- **Source material**:
□ □ □ □ □ □ □

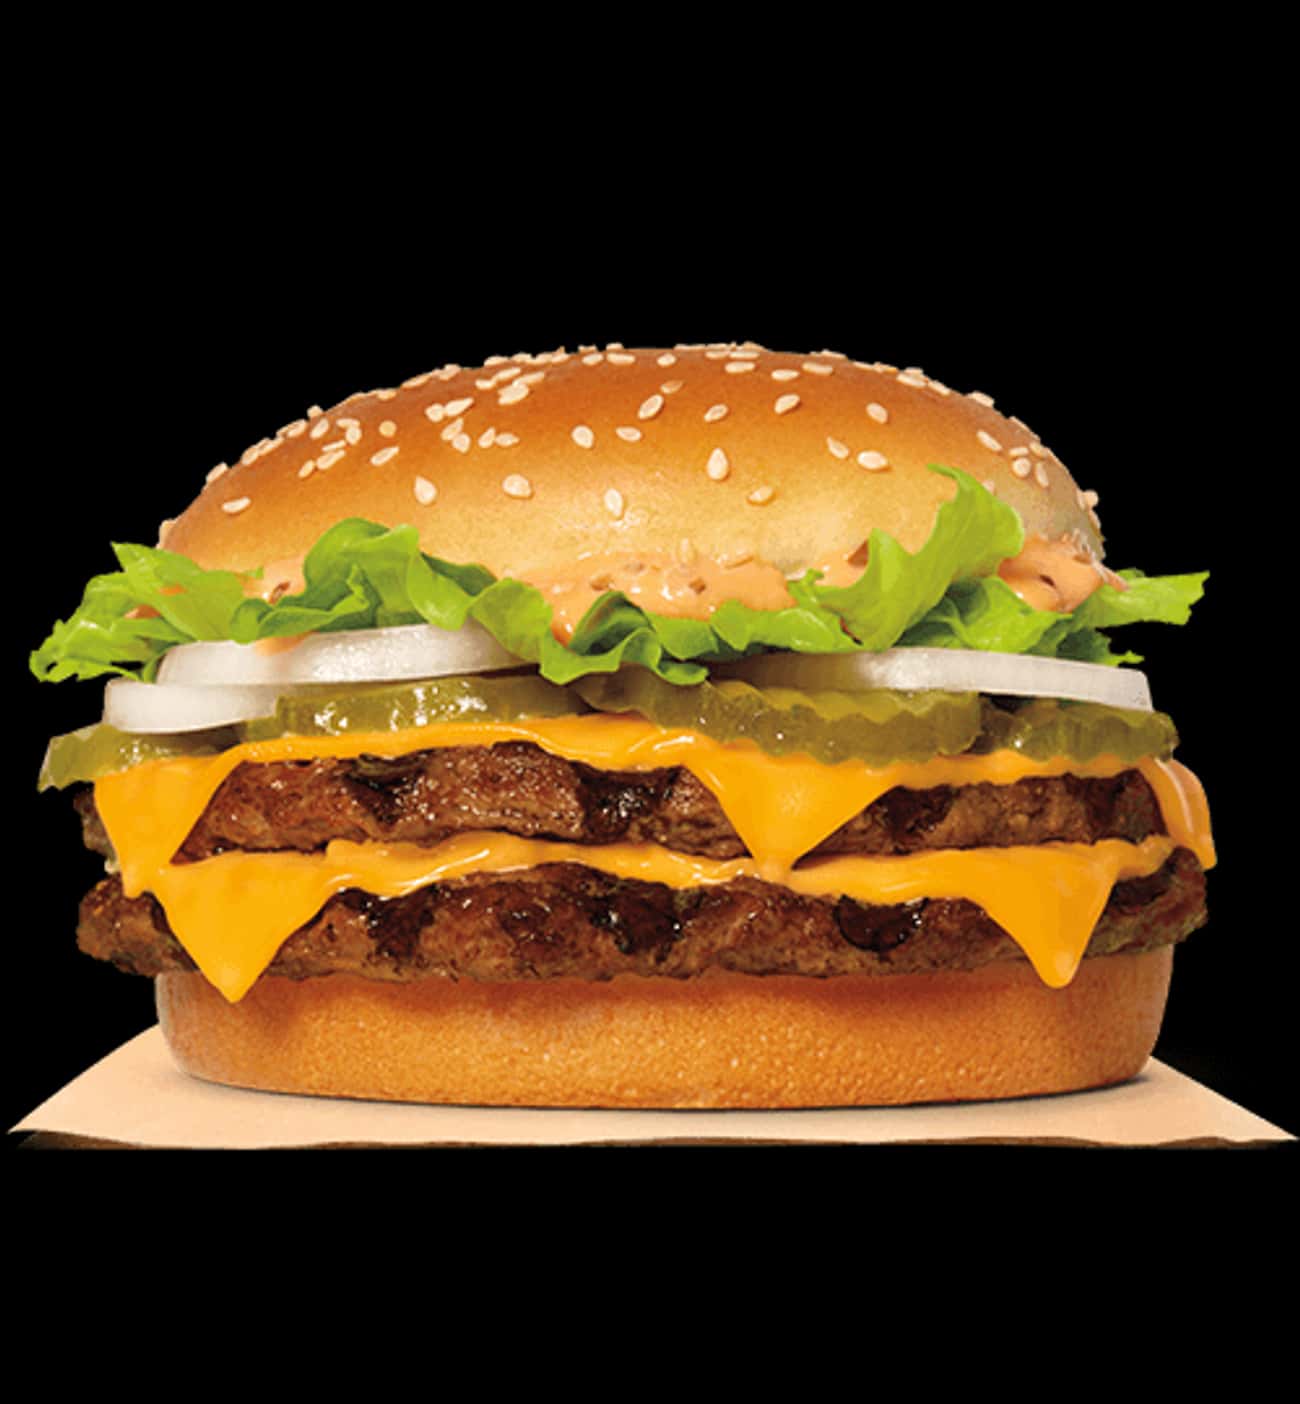 Burger King's Big King XL
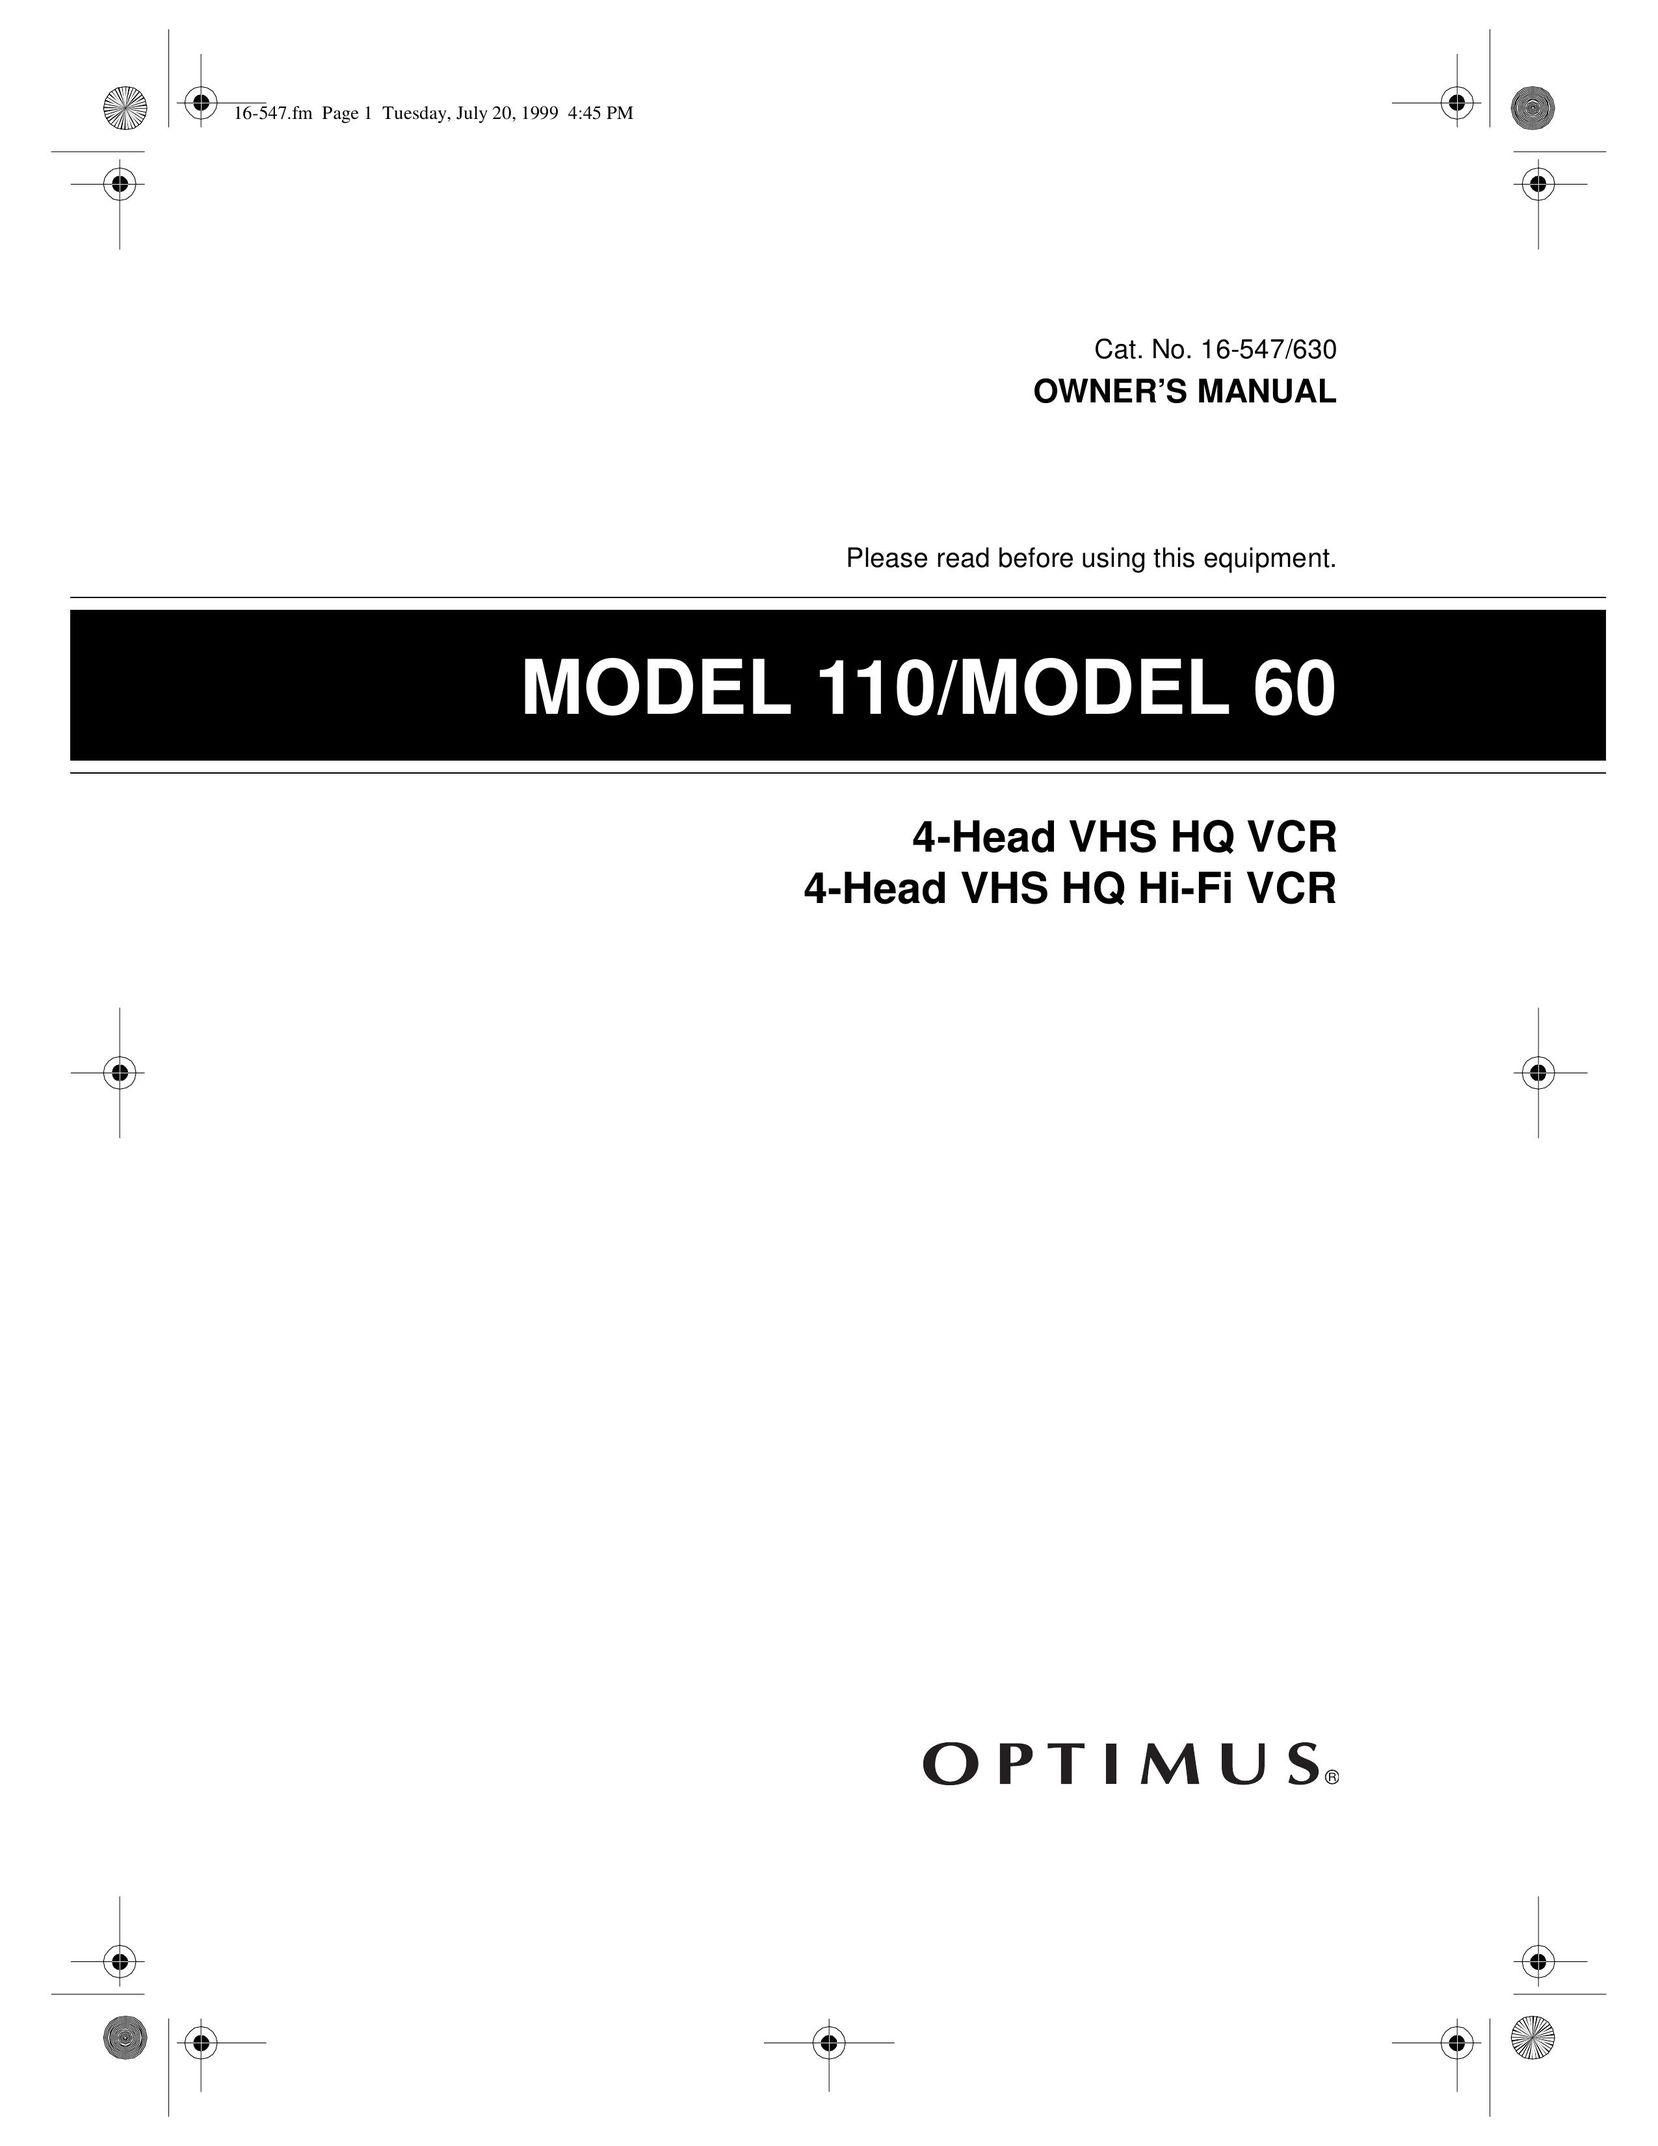 Optimus - Katadyn Products Inc. MODEL 110/MODEL 60 VCR User Manual
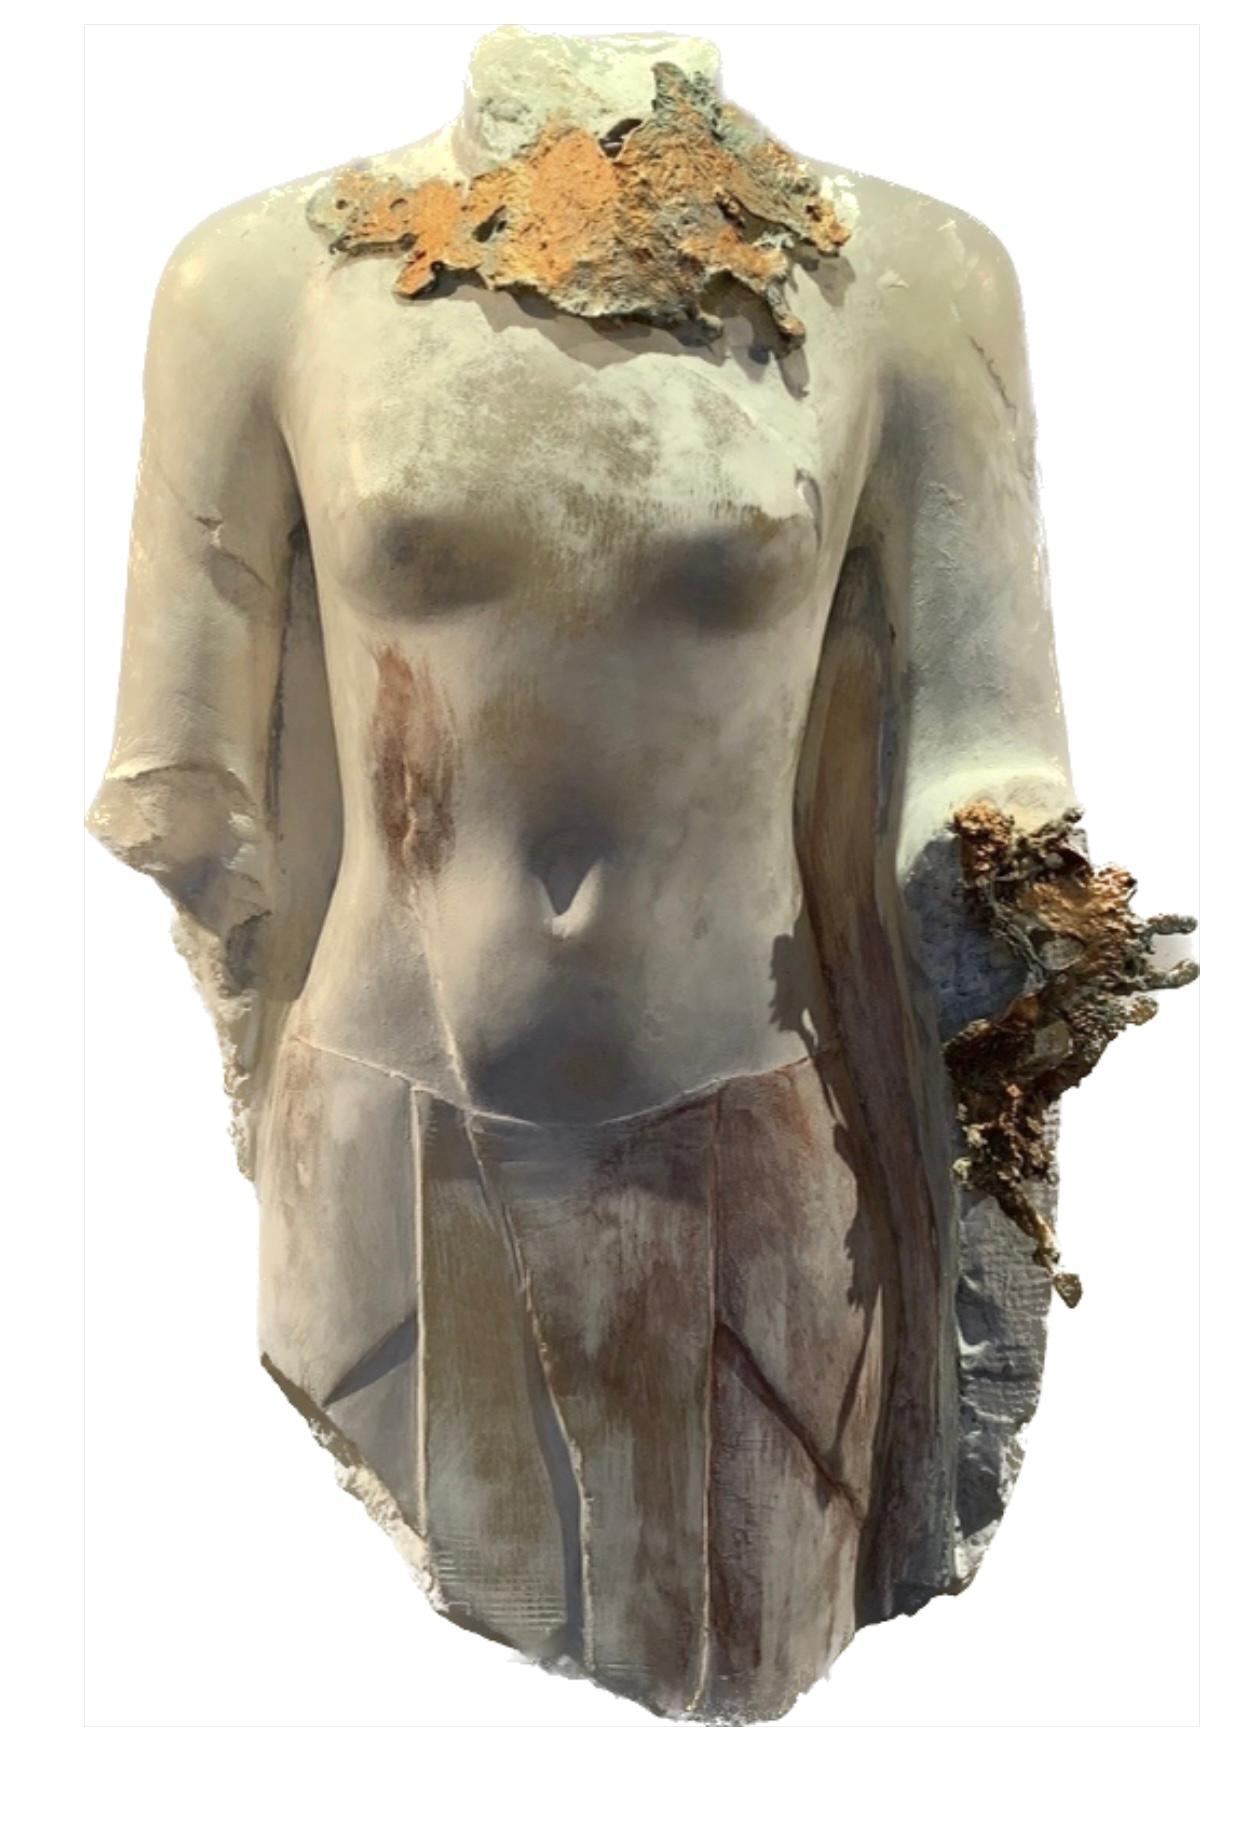 Gerti Bierenbroodspot Nude Sculpture - Arsinoe IV Alabaster Sculpture Gold Copper Contemporary In Stock

□ □ □ □ □ □ □

- **Work required**: Could you print the data exactly as it appears and keep the pictures out?

- **Output**:
 Burger King's Big King XL
 Optimus - Katadyn Products Inc. MODEL 110/MODEL 60 VCR User Manual
 Gerti Bierenbroodspot Nude Sculpture - Arsinoe IV Alabaster Sculpture Gold Copper Contemporary In Stock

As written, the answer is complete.